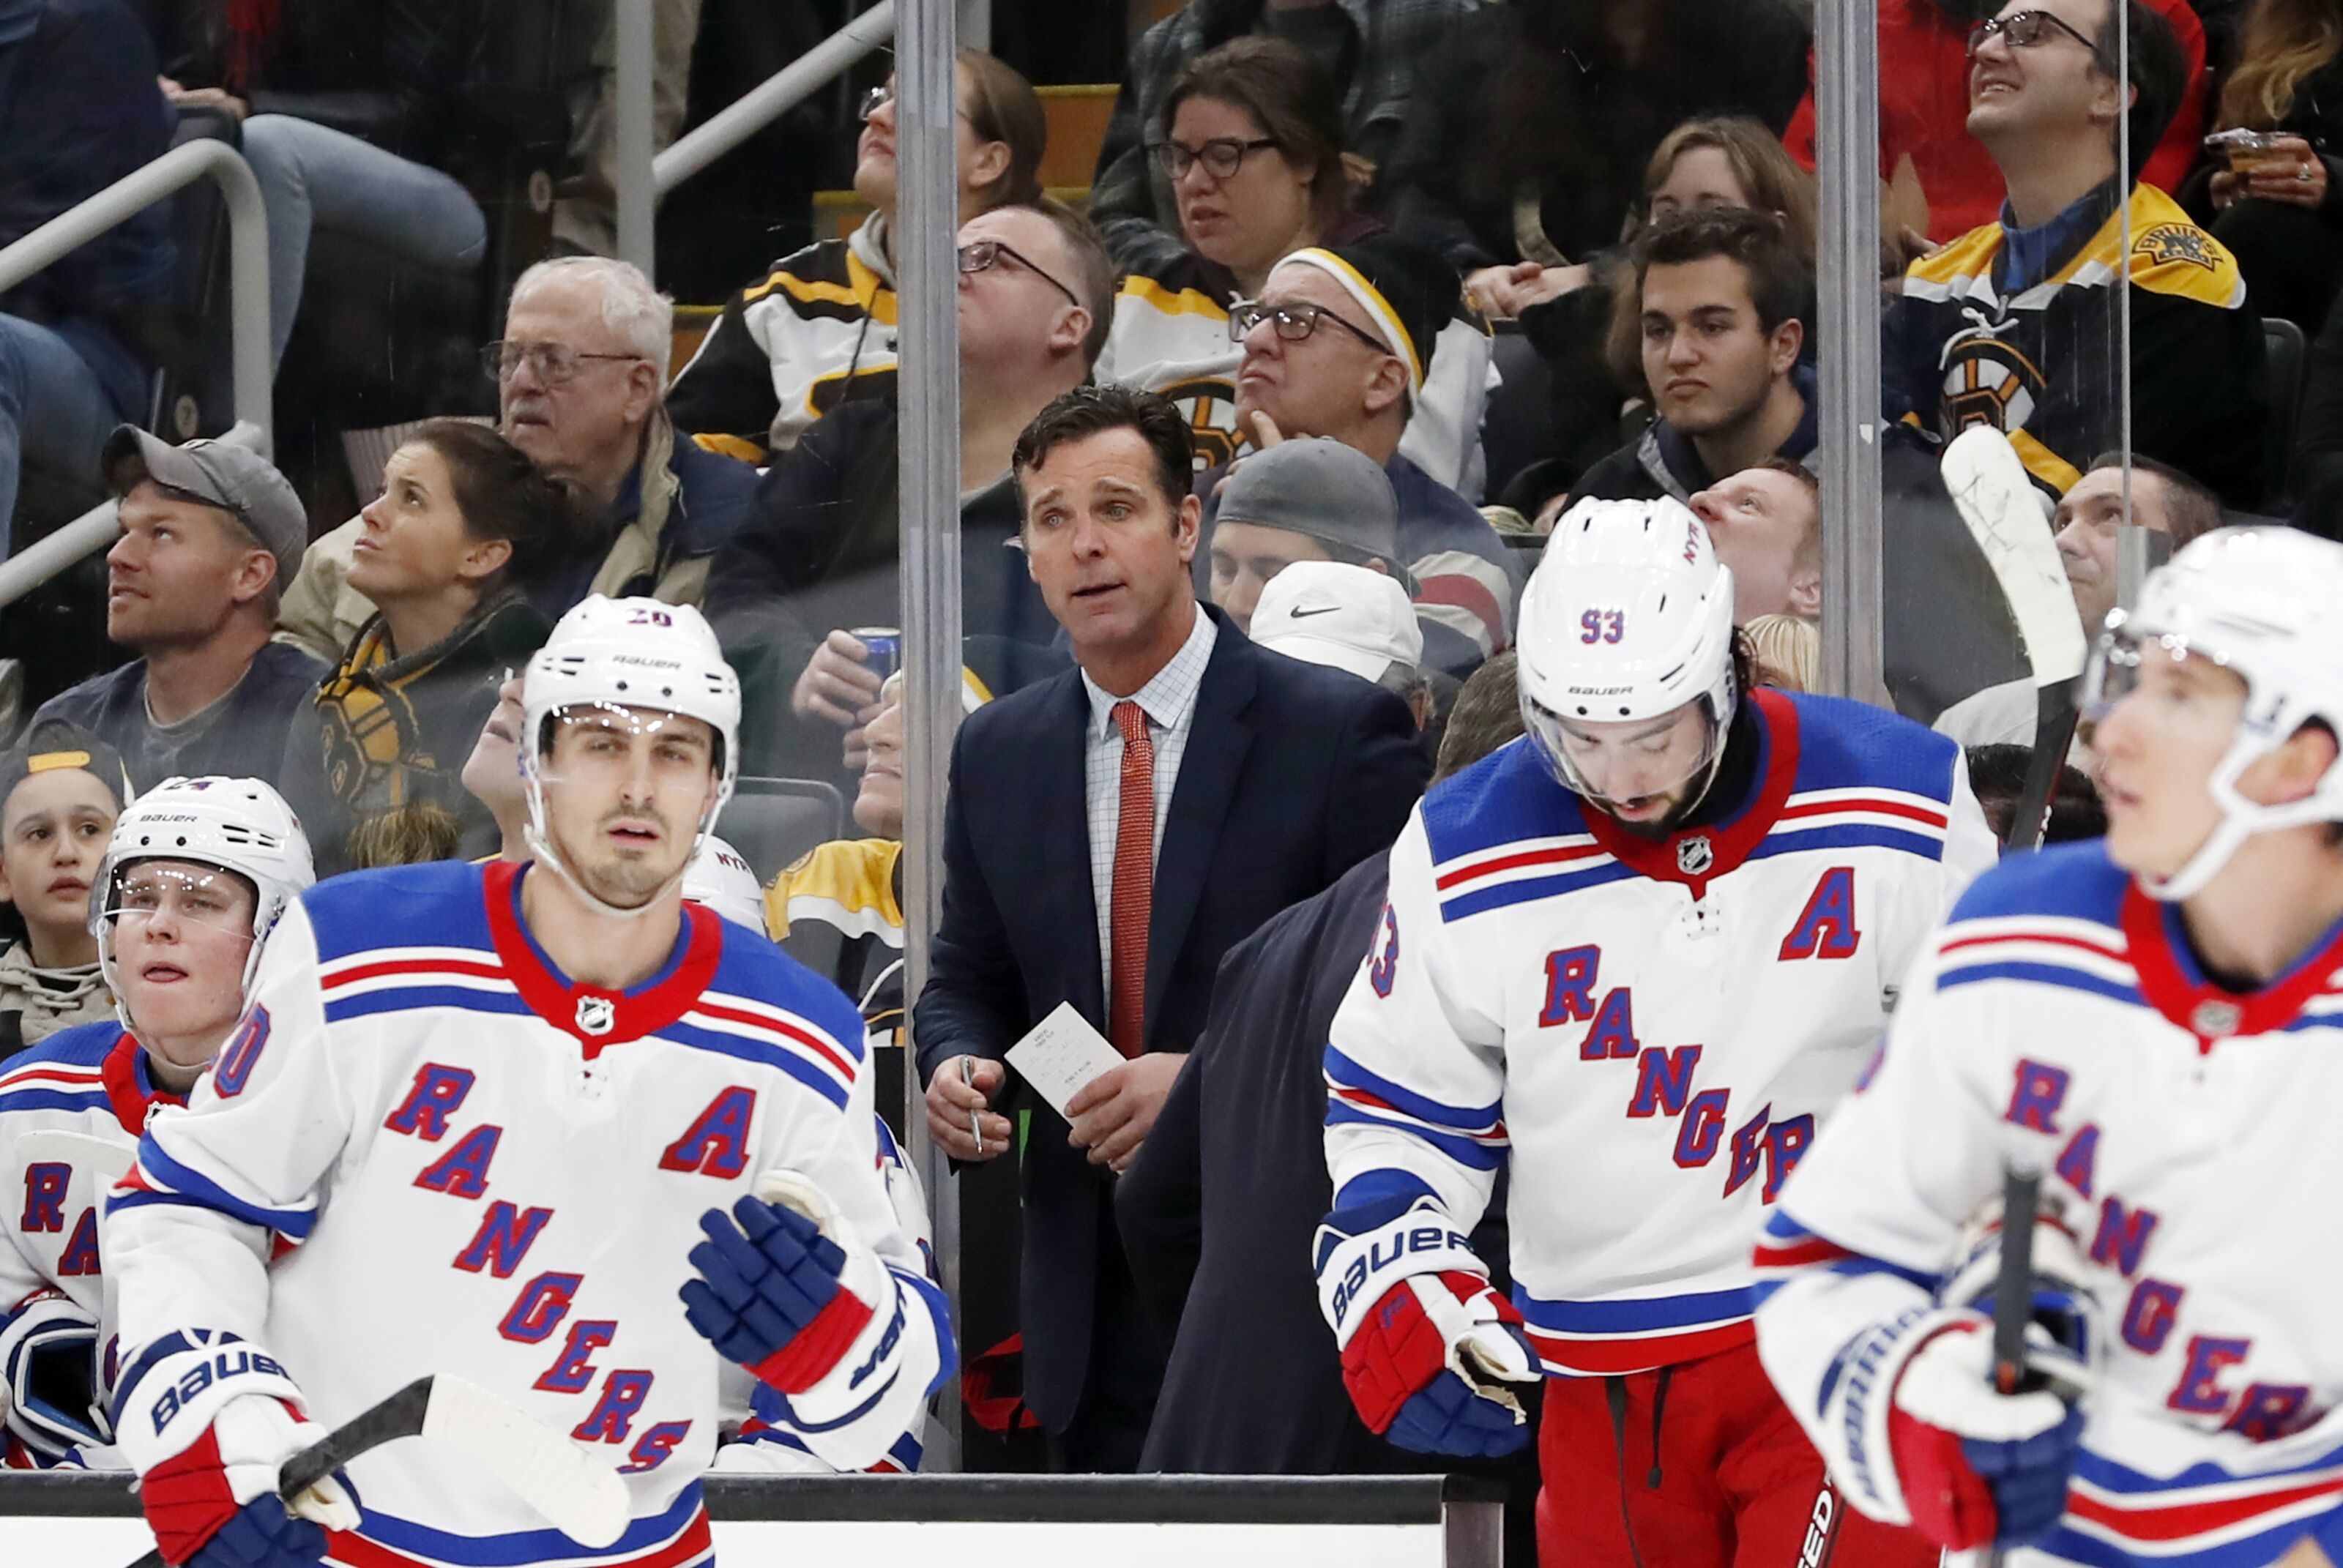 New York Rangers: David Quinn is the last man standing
--
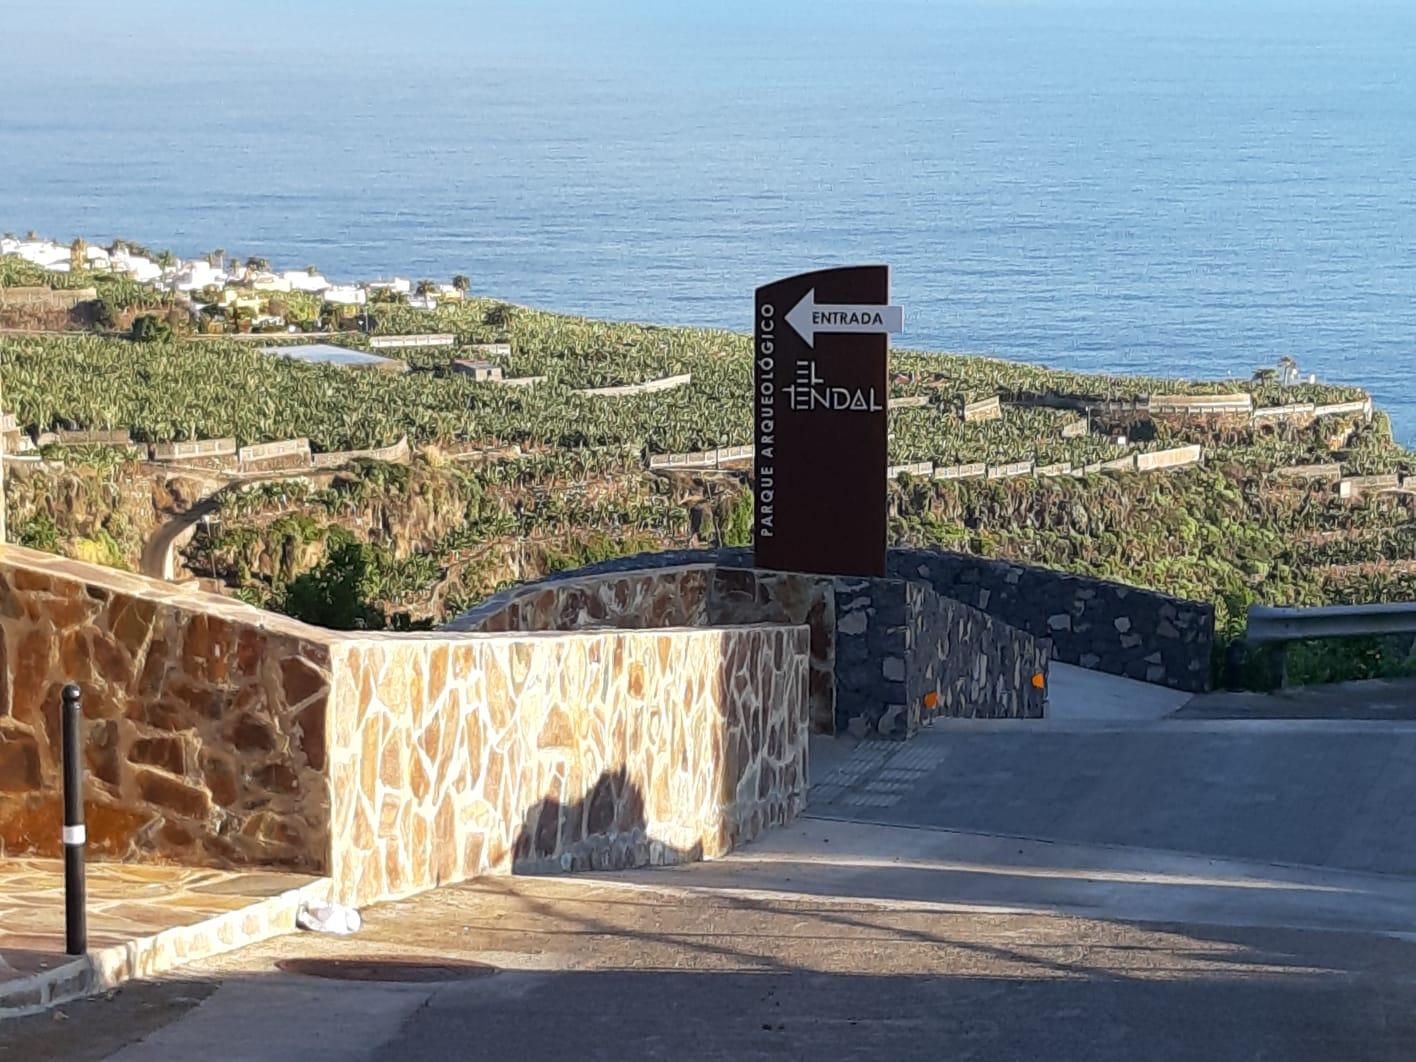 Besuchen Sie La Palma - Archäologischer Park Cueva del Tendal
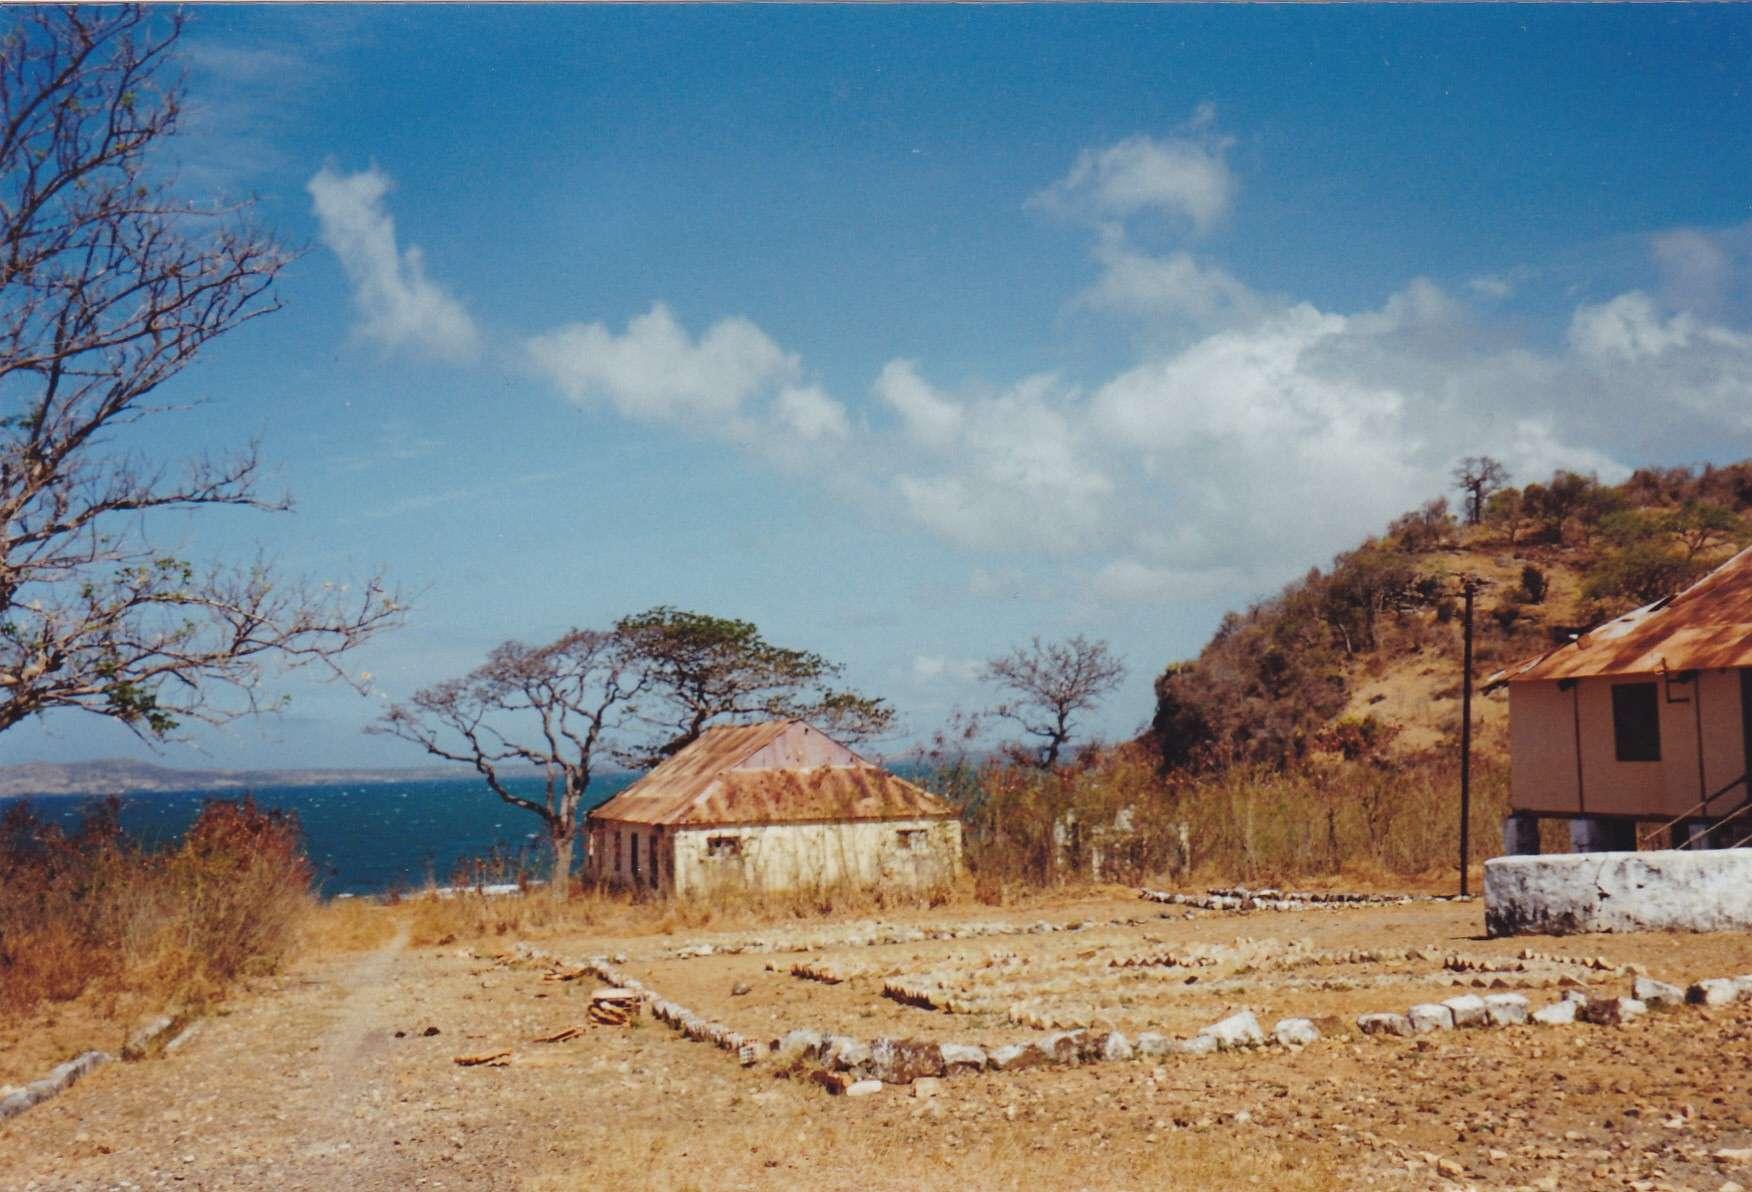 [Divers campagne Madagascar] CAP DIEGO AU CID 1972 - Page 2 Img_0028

--- What the task requires ---
Using the data above, print only the lines starting at the one with "Besuchen Sie La" and ending at the one with "[Divers campagne Madagascar]", exactly as they stand, minus the pictures.

--- Completed exercise ---
 Besuchen Sie La Palma - Archäologischer Park Cueva del Tendal
 [Divers campagne Madagascar] CAP DIEGO AU CID 1972 - Page 2 Img_0028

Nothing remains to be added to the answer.